Many of the airplanes judged in the Heritage event are one-of-a-kind treasures. Few have the larger-than-life history of this Sikorsky amphibian. Since it won the People’s Choice trophy in 2008, Tom Schrade’s reproduction of the 1929 Sikorsky S-38 seaplane “Osa’s Ark” has found a new home. The original airplane was flown on an African adventure in the 1930s.
It happened only once in the 17-year history of the Heritage trophy: One airplane won three trophies. Owned by Max Chapman of Idaho Falls, Idaho, and restored by John Muszala’s Pacific Fighters restoration company, the 1944 P-51B Mustang represented a famous World War II ace, a young man’s admiration for him, and the extraordinary skills of restorers who practically built a P-51 by hand.
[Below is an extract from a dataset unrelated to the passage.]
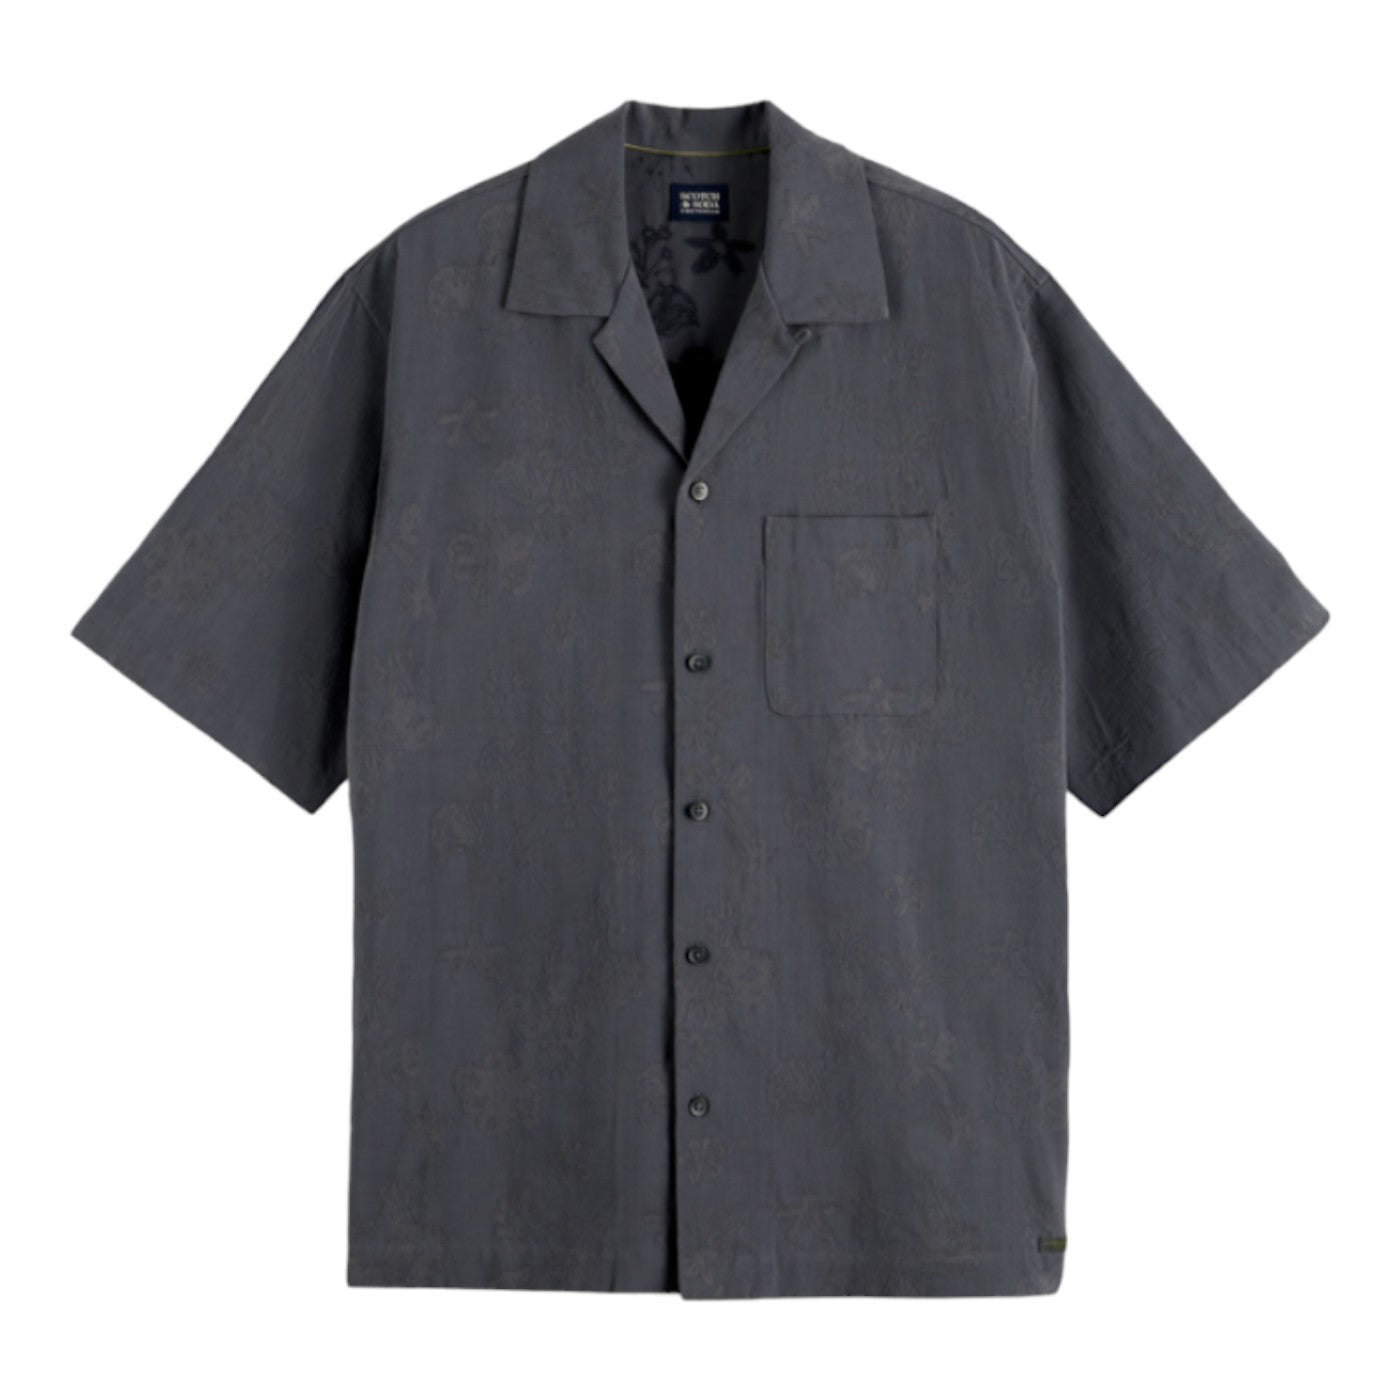 Grey short sleeve button down with front pocket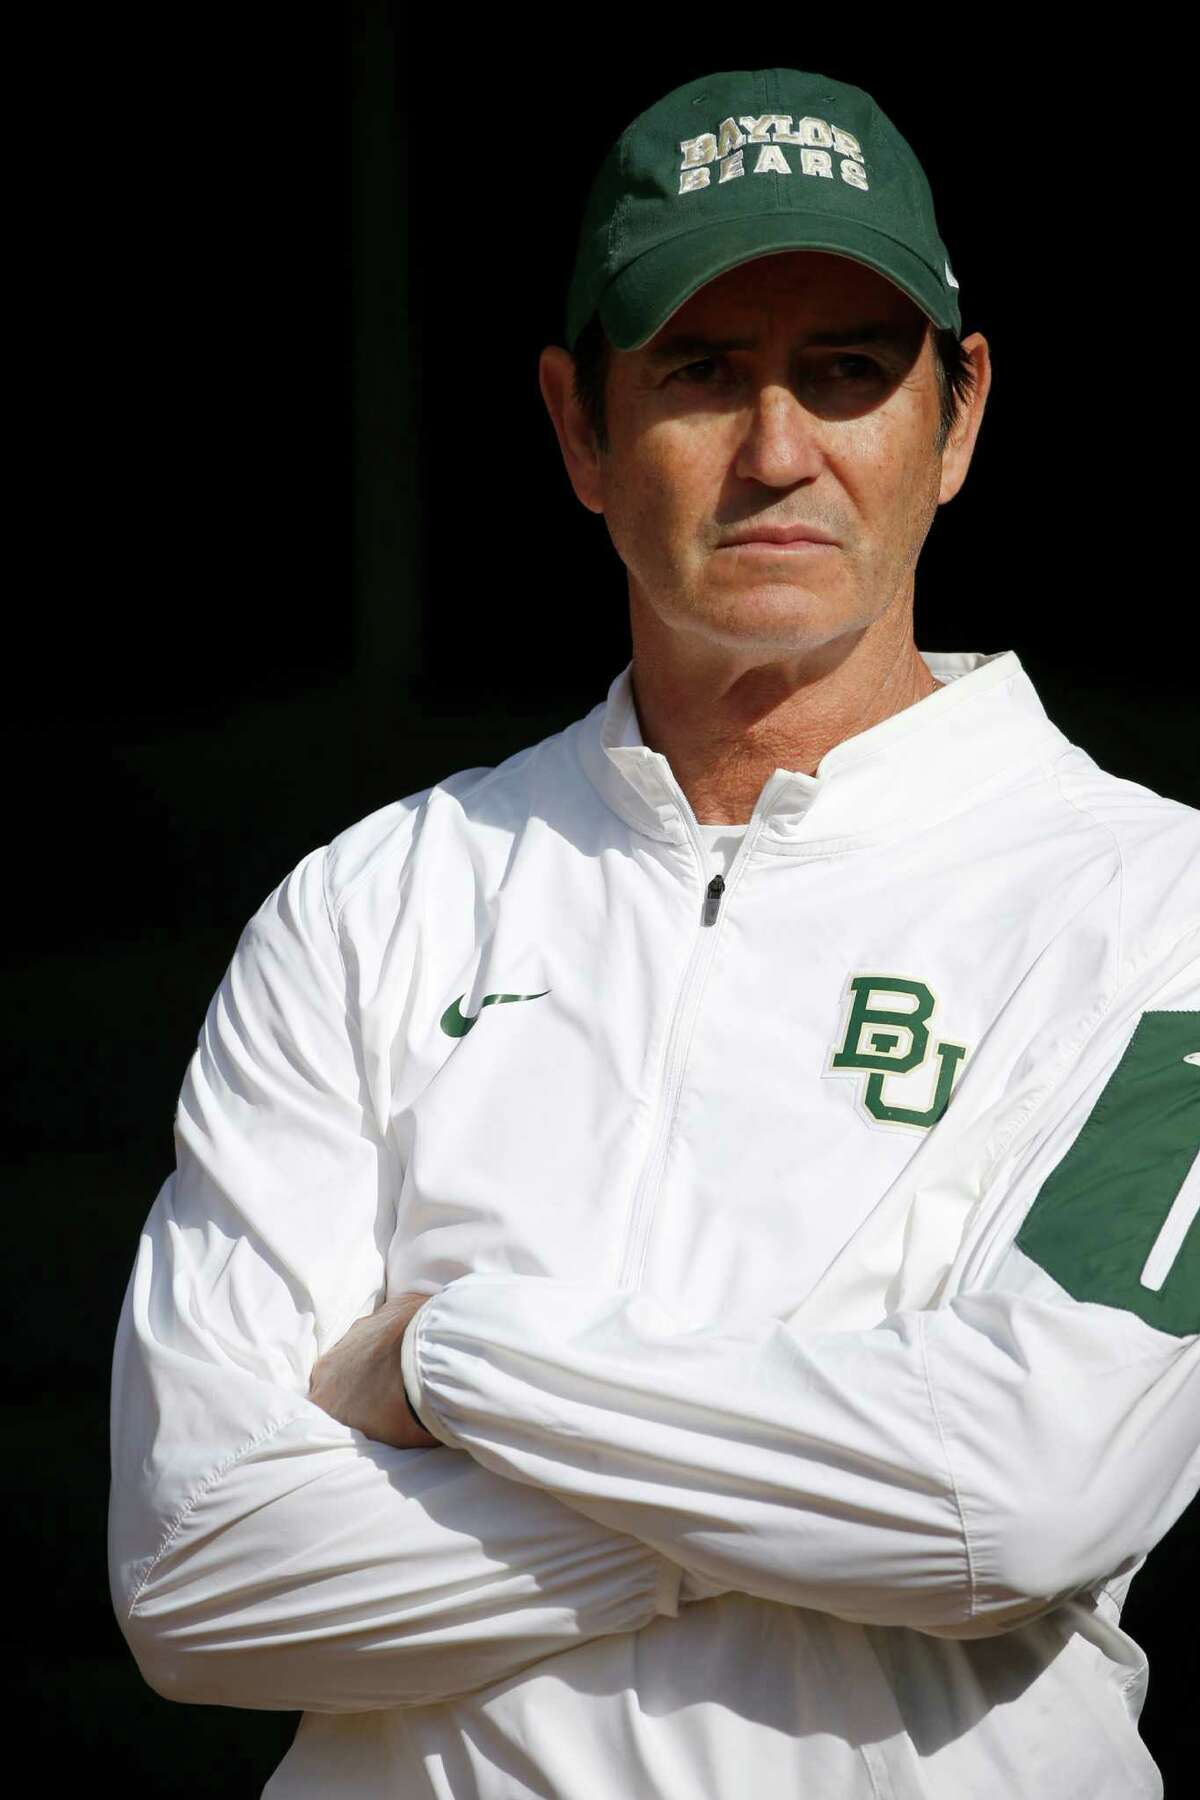 Then-head coach Art Briles of the Baylor Bears waits in the tunnel before the Bears take on the Texas Longhorns at McLane Stadium on Dec. 5, 2015 in Waco.

World War II ace Bud Anderson (second from left) presented the trophies to Muszala and his two sons.

Over the last 17 years, nearly 400 historic and beautifully restored aircraft have competed for recognition at the National Aviation Heritage Invitational, an event that has become a fixture at the National Championship Air Races in Reno, Nevada. Each year, a couple dozen airworthy vintage aircraft—civilian and military—were positioned on the ramp at Reno-Stead airport, where judges evaluated the quality and accuracy of the restorations and airplane fans strolled among the competitors and voted for their favorites. (Air & Space/Smithsonian magazine participated by providing and counting the ballots for the People’s Choice Trophy.)

Not this year. The Heritage trophy event has recently announced that it will suspend its 2016 competition, because it “has outgrown the ramp space and resources allocated to it by the Reno Air Races,” according to Executive Director Ken Perich. The NAHI group also announced that it’s preparing for its 2017 event.

That the group is starting to work toward 2017 is good news both for those who have been lucky enough to see the collection of competitors in the past and for those who may now have the chance to see them at Reno—or somewhere else—in the future. A number of things set this competition apart from others. First, the airplane owners or restorers are almost always standing by their airplanes and happy to talk about their treasures’ histories and restorations with the curious. Second, the stories they tell about the airplanes are not only fun to hear but are instructive about the history of aviation as a whole. Because of the range of aircraft represented and the chattiness of the people who bring them, you cannot come away from a Heritage Invitational without learning something about aviation that you didn’t know before. Third, one of the founders of the Heritage event is the National Aviation Hall of Fame, and that organization has arranged for some of its most illustrious honorees to present the awards on Trophy Day. Neil Armstrong, who in his later years didn’t honor many requests to participate in public events, was a frequent Heritage trophy presenter because he loved airplanes. Other presenters have included test pilot and airshow great Bob Hoover, P-51 ace Bud Anderson, record breaker Dick Rutan, space shuttle commander and Reno Race Champion Hoot Gibson, and Southwest Airlines co-founder Herb Kelleher.

The other thing that sets this awards program apart: The people get to vote.

To give you an idea of what you might expect at the 2017 competition, we’ve rounded up some of the past winners of the National Aviation Heritage Invitational trophies in various award categories, grand champion, and people’s choice. Thanks to photographer Roger Cain for making his portraits of the winners available in the gallery at top.